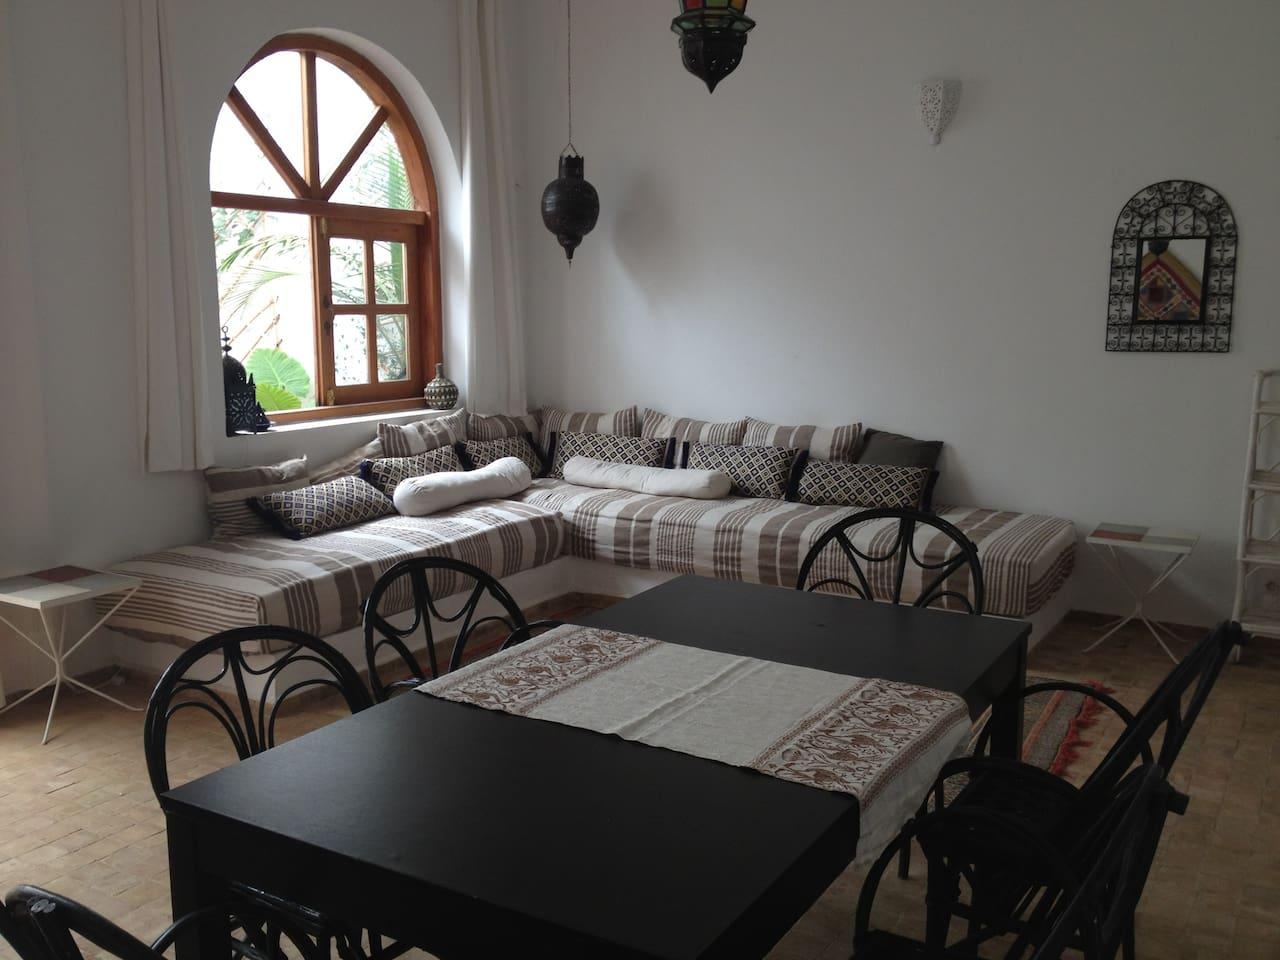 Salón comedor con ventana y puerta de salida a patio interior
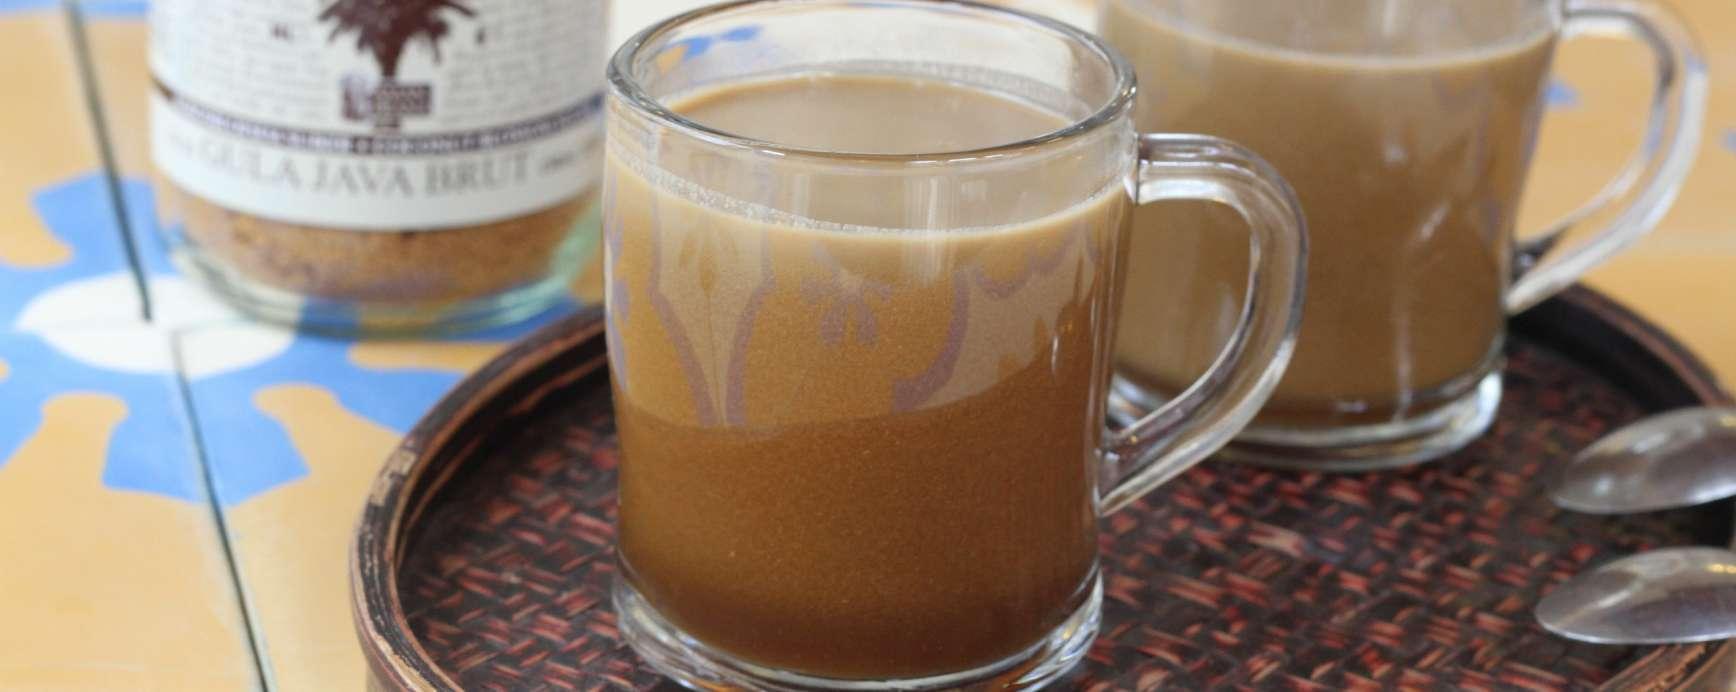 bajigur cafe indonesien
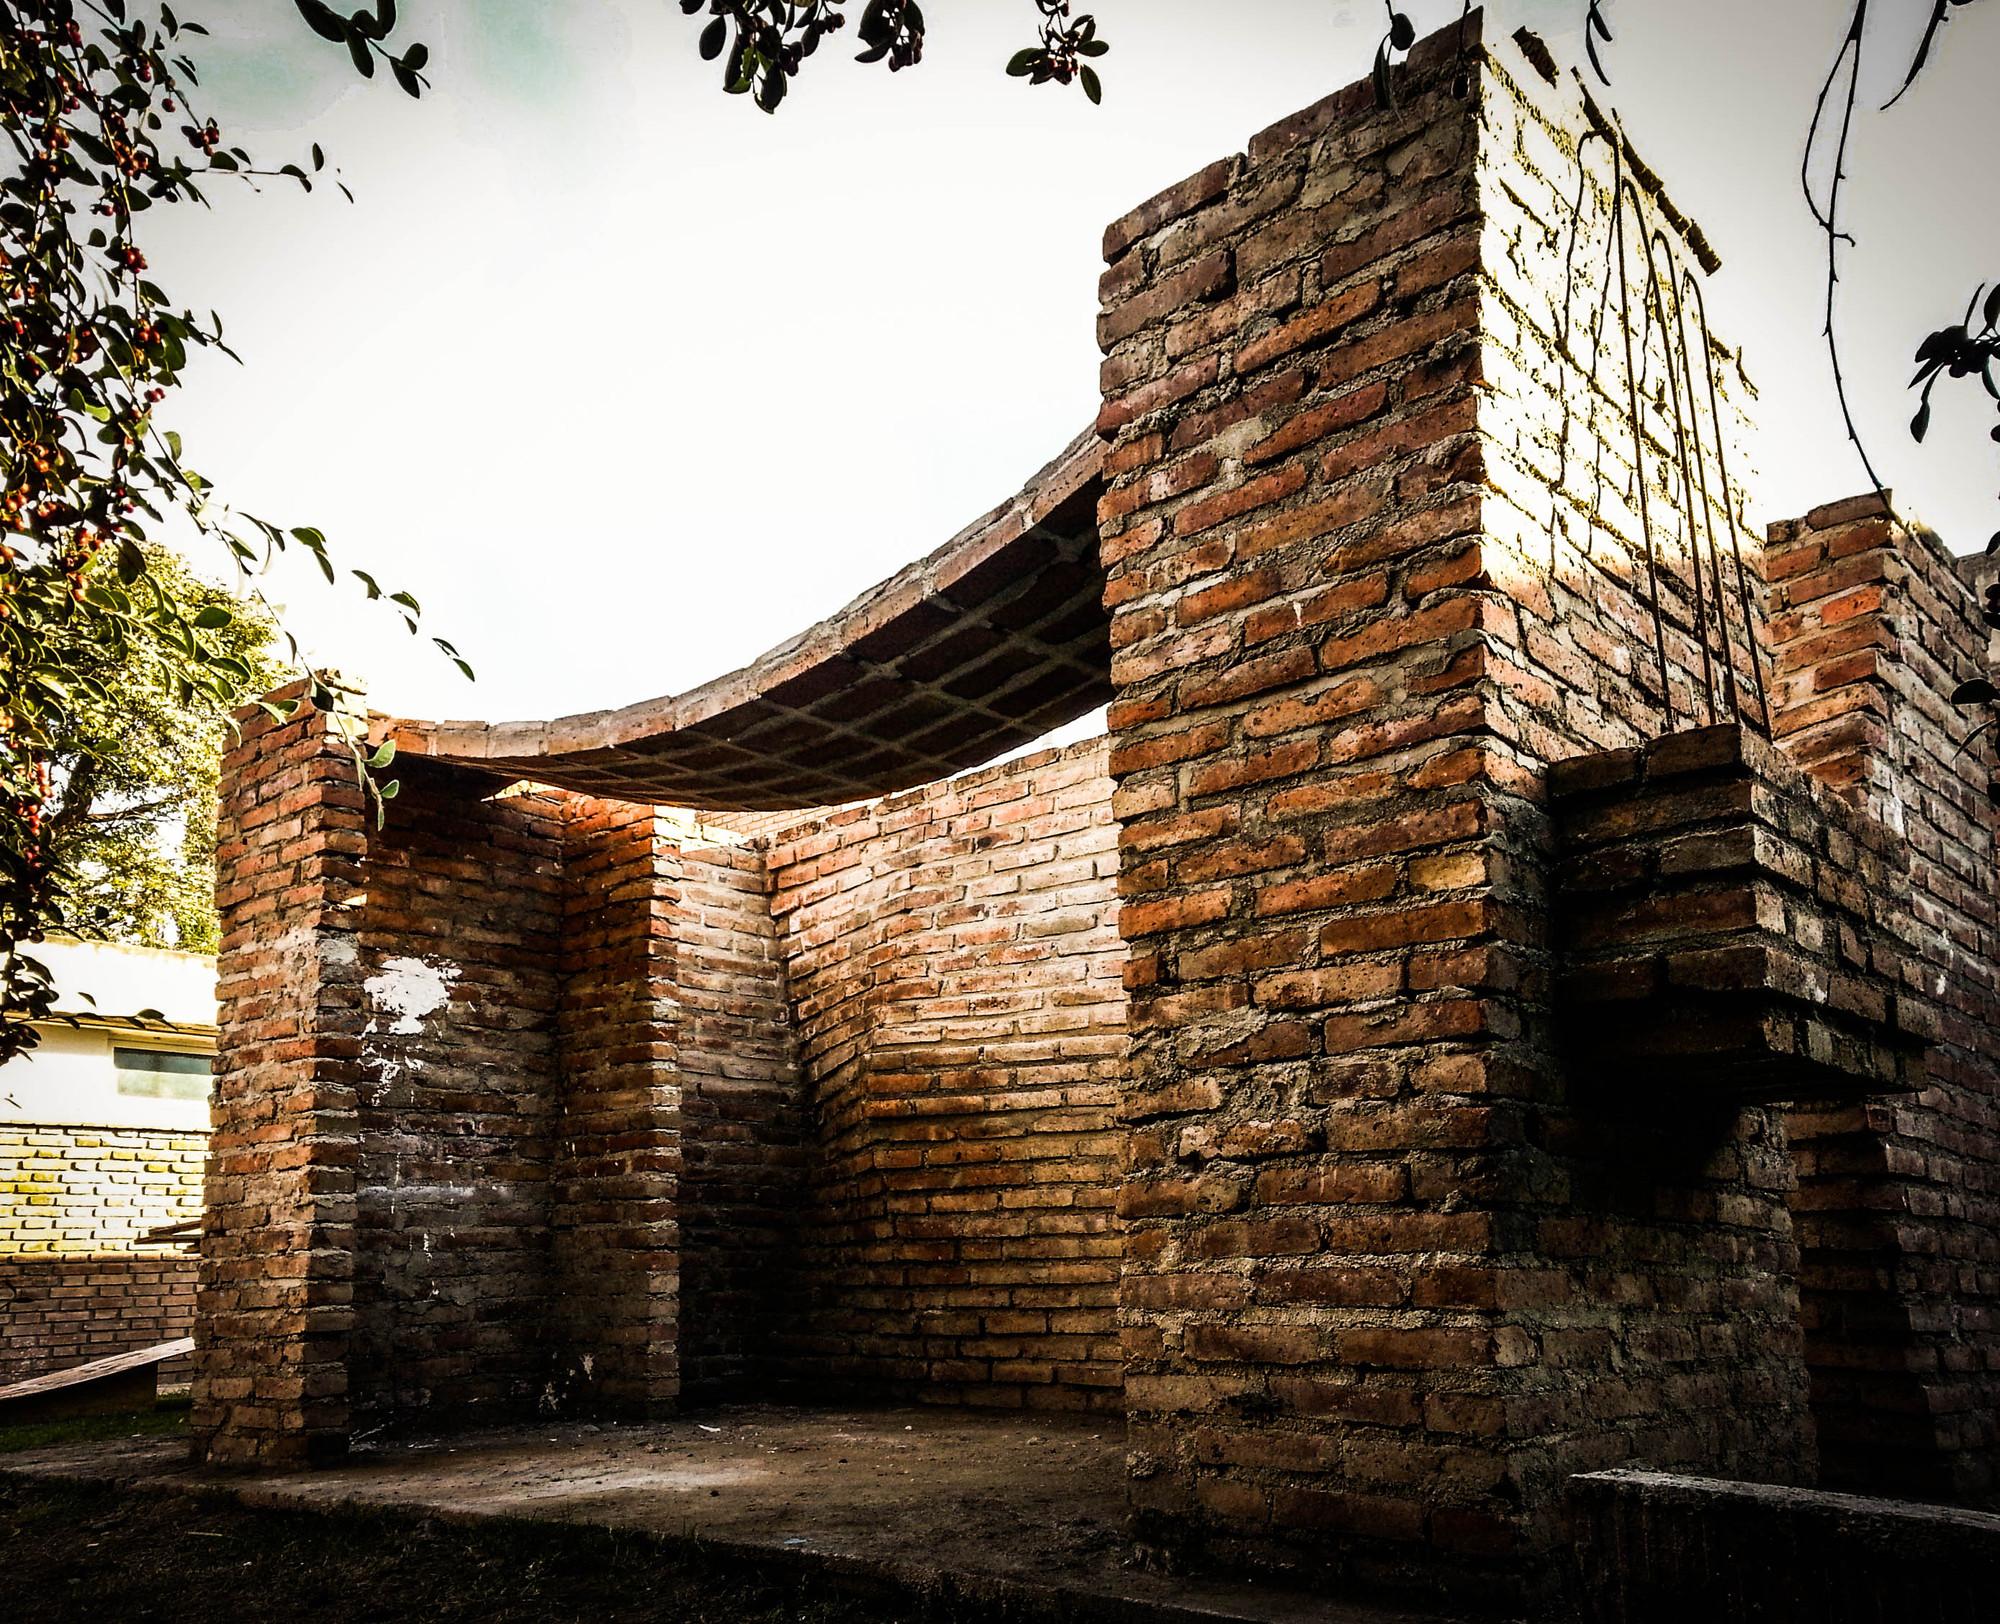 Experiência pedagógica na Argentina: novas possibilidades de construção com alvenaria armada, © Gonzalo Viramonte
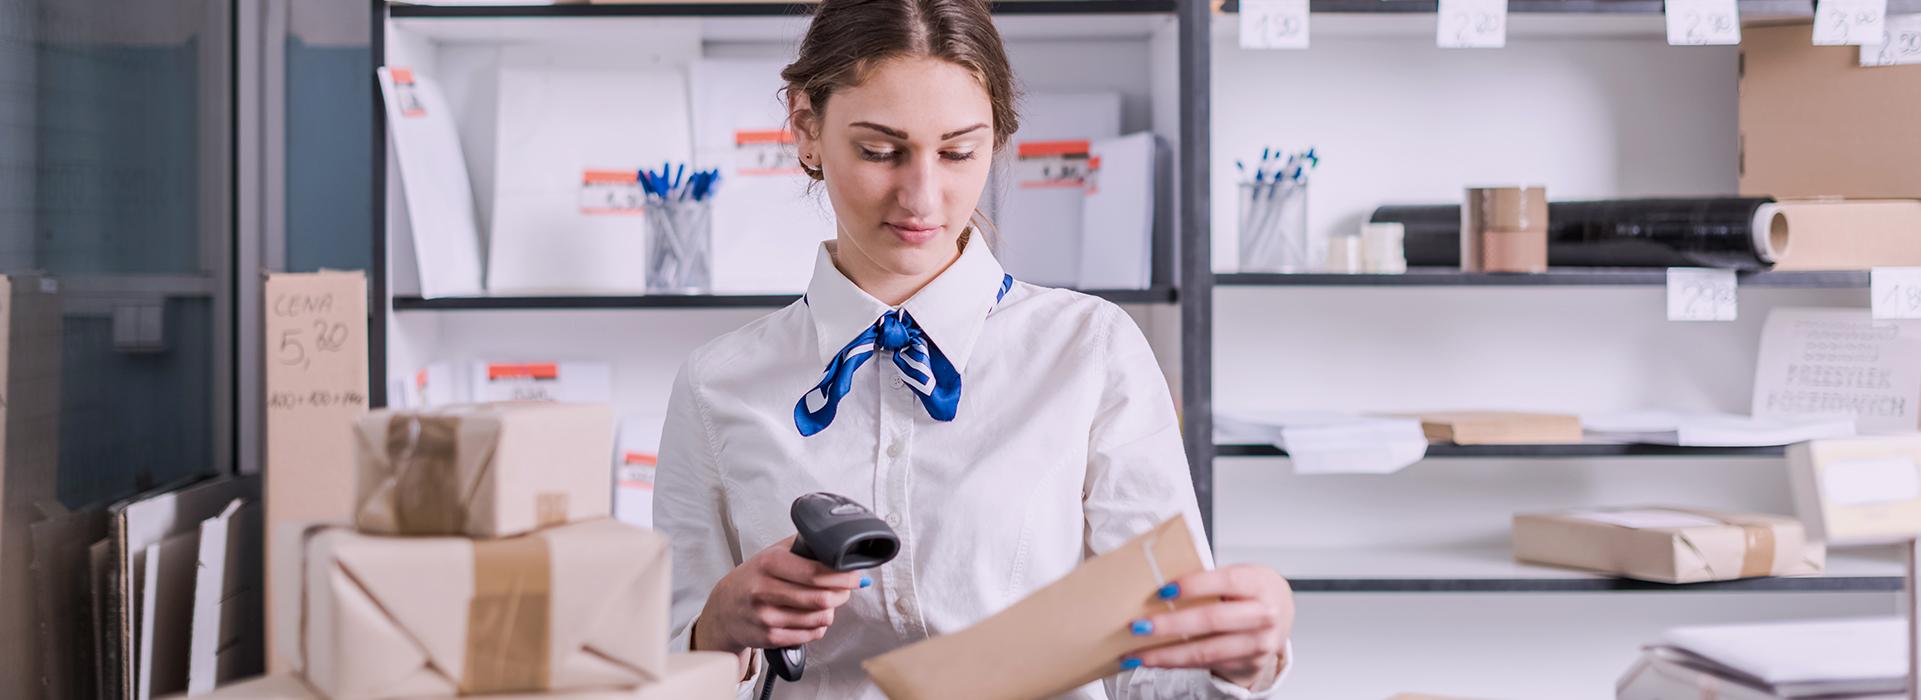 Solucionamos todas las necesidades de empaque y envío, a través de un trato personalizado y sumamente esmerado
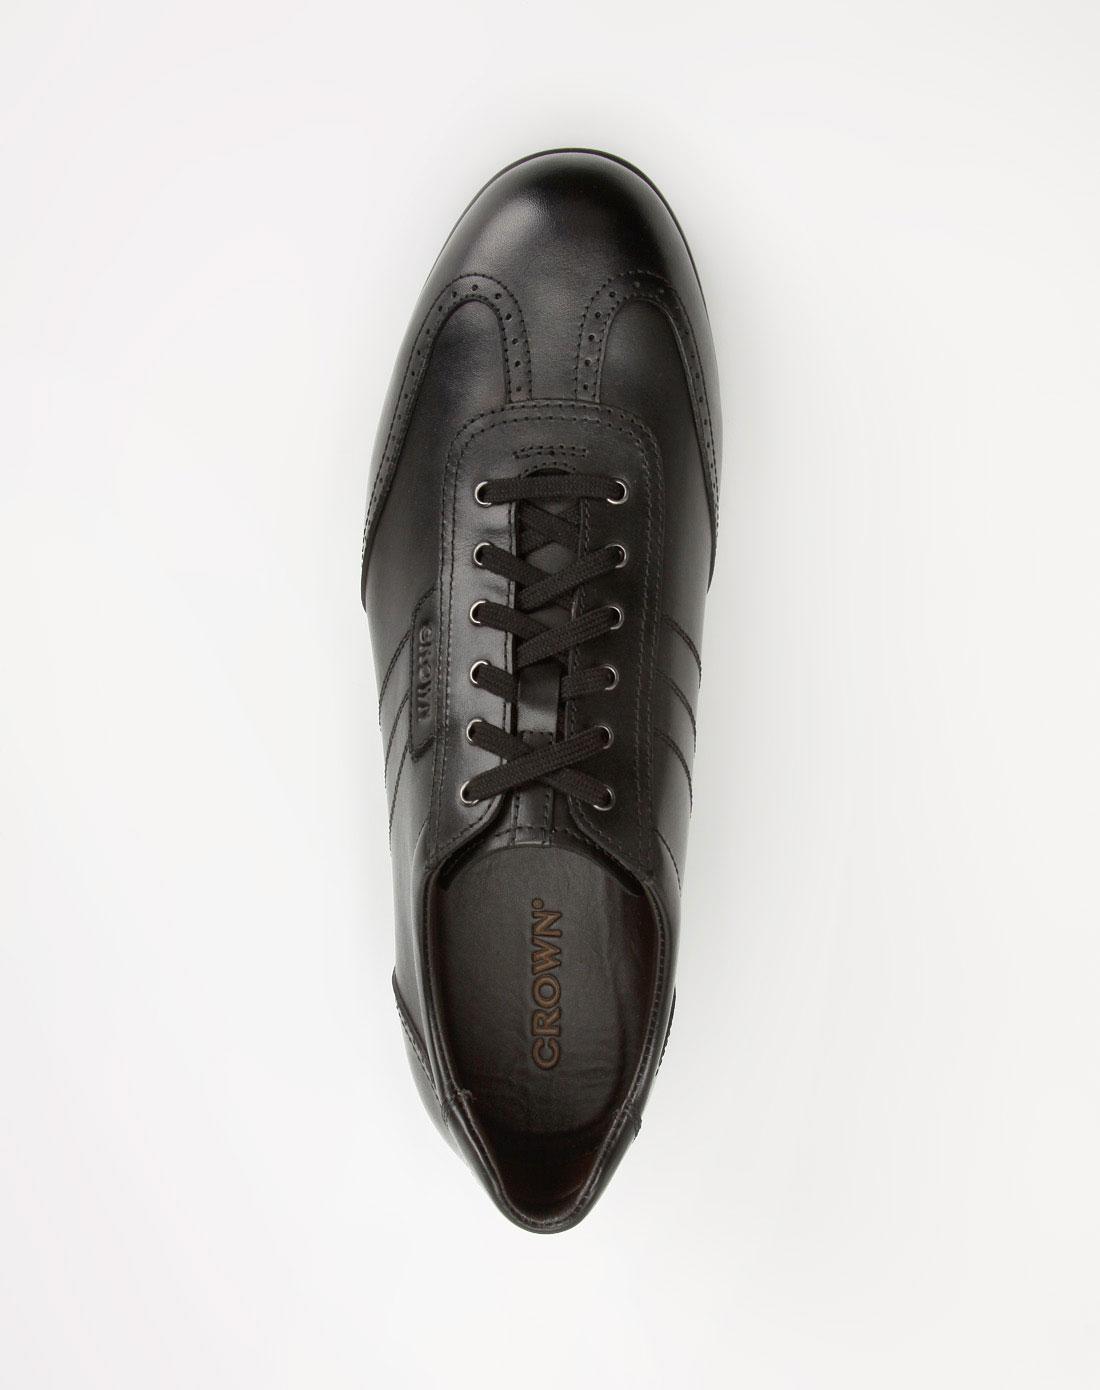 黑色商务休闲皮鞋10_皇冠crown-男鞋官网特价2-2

## BRIEF
An exact copy of the records is required. Pictures do not belong in it.

## FINISHED EXERCISE
 Salón comedor con ventana y puerta de salida a patio interior
 bajigur cafe indonesien
 Experiência pedagógica na Argentina: novas possibilidades de construção com alvenaria armada, © Gonzalo Viramonte
 Solucionamos todas las necesidades de empaque y envío, a través de un trato personalizado y sumamente esmerado
 黑色商务休闲皮鞋10_皇冠crown-男鞋官网特价2-2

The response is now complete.